The fact that **DQ vs no-DQ are bit-identical** at this scale tells us the
nf4 weight indices are stable under absmax requantization (only ~5% of the
weight bytes change, all in the metadata block) the catastrophe is
inherent to 4-bit weight precision on this architecture, not to a
quantization-config knob.
This is a real noteworthy null for the paper: **naive post-training 4-bit
weight quantization is not viable for ModernBERT-large on this task**.
Recovering 4-bit would require either (a) QAT, (b) per-channel calibration
with a held-out activation distribution (GPTQ / AWQ-style), or (c) keeping
the GLU FFN in 8-bit and only 4-bit'ing attention projections. None of
these are reachable inside the remaining capstone time budget.
### 7. torchao int4-wo: dependency hole
torchao 0.17 requires `mslk >= 1.0.0` for the new `Int4Tensor.from_hp` path.

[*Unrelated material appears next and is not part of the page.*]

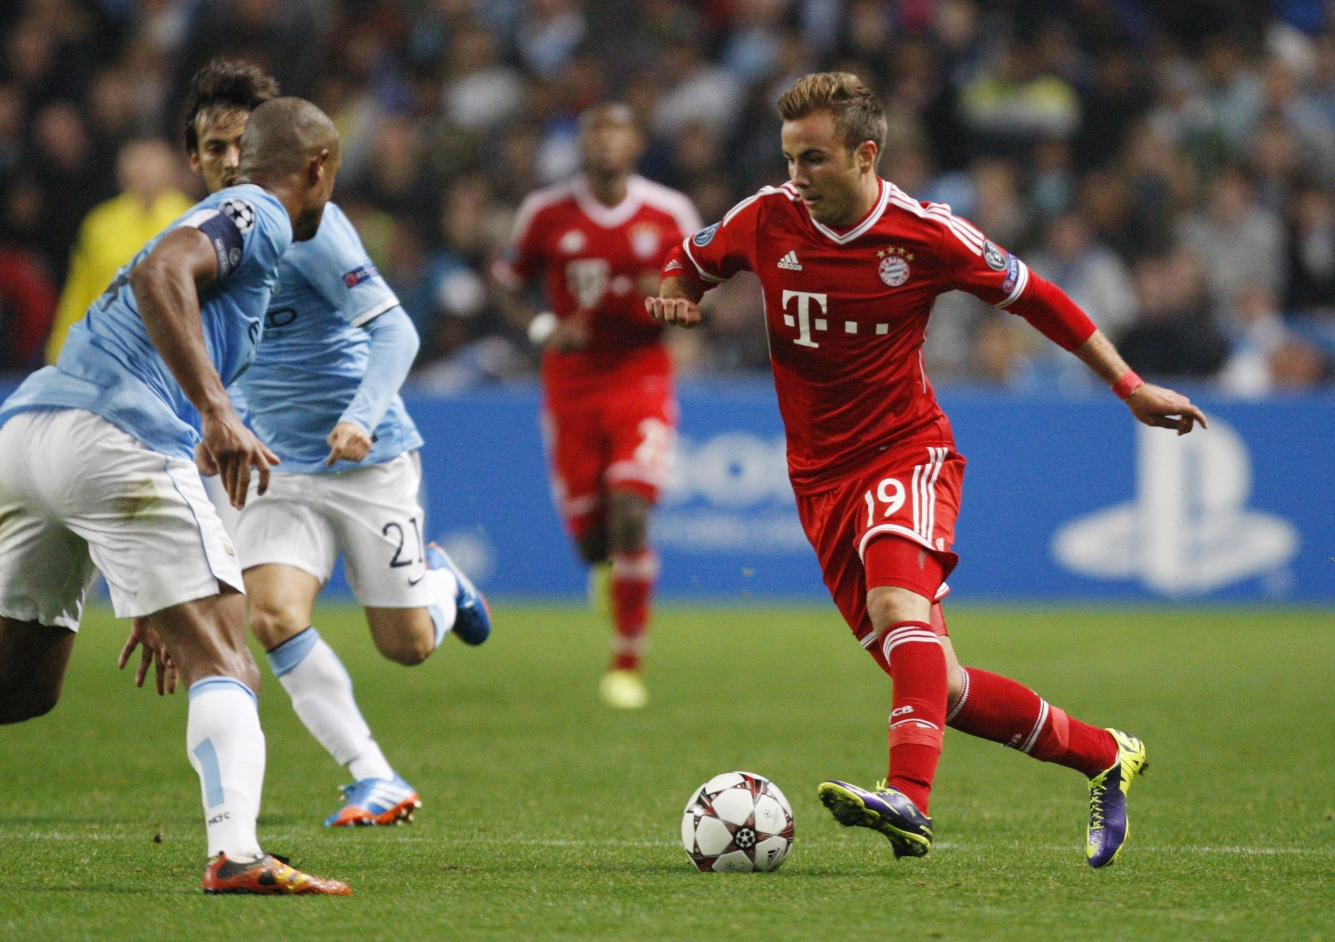 Bayern's Mario Goetze, right, and Manchester City's Vincent Kompany challenge for the ball. Photo: AP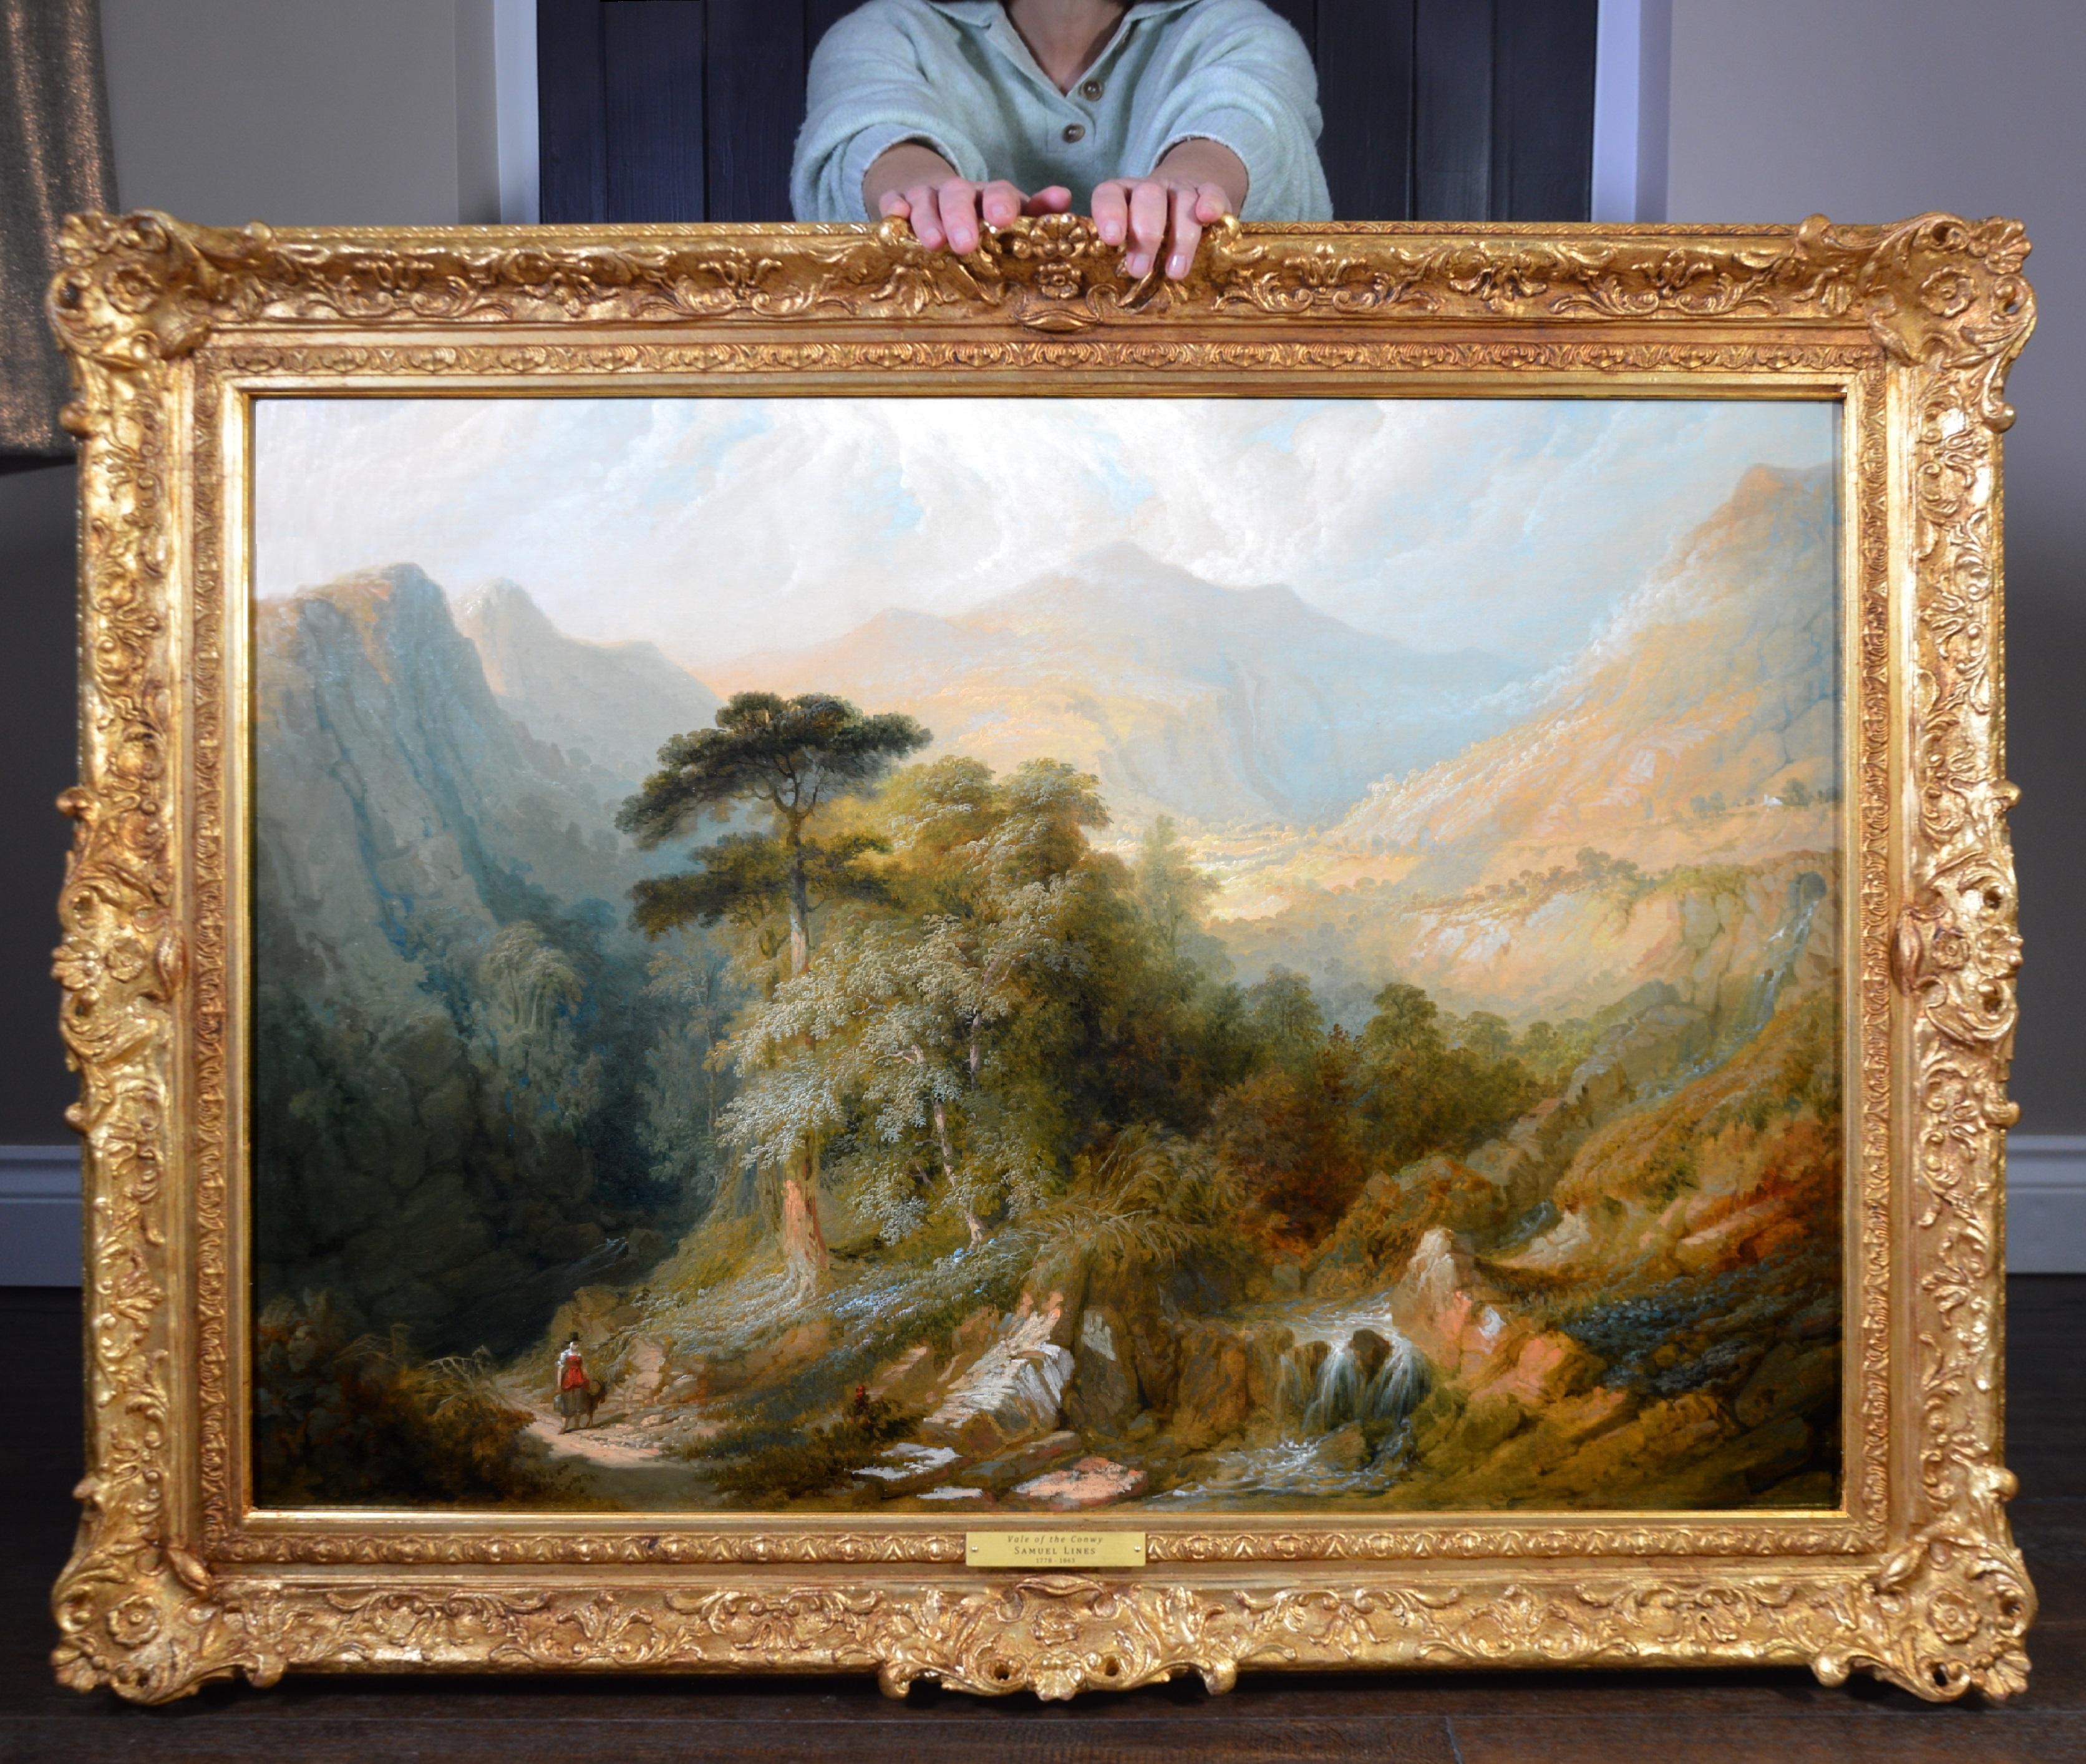 Samuel Lines Landscape Painting - Vale of the Conwy, Snowdonia - Large 19th Century Welsh Landscape Oil Painting

Not installed in the lockfile and not worth chasing given the bnb 4-bit
collapse even if the kernel ran cleanly we'd expect the same compounding
error pattern.
## Recommendations
| Use case | Variant | Why |
|-----------------------------------|--------------------|-------------------------------------------------------------|
| **Production / paper headline** | bf16 | Best of every dimension on this hardware |
| **Low-VRAM batch serving** | torchao int8-wo | 19% VRAM, accuracy intact, only 10% latency penalty |
| **Multi-GPU sharded serving** | bf16 | int8-wo's dequant overhead grows with replica count |
| **Embedded / 4-bit** | not viable | Needs QAT or AWQ-style calibration; future work |
## Paper-worthy notes
1. **Quantization story** bf16 is already the sweet spot; torchao int8-wo
buys 19% VRAM with no accuracy cost; 4-bit fails. This adds another row
to the speed/cost table.
2. **Architecture-specific quant fragility** ModernBERT-large's GLU FFN
amplifies per-layer weight error across 28 blocks. This is a noteworthy
counterpoint to the 4-bit-by-default LLM serving narrative and worth
one paragraph in the discussion section alongside the DAPT and
CORAL null results.
3. **Hardware caveat** int8 latency results would invert on
Hopper/Ada/A100; the 3090 just doesn't have the matmul path. State the
sm_8.6 caveat in the table caption.
## Reproduce
```bash
# from repo root
bun run py:quant
# writes to results/eval/quant/{summary.json, REPORT.md, <variant>/metrics.json}
```
Run time: ~5 minutes total (most spent in fp32 + torchao build steps).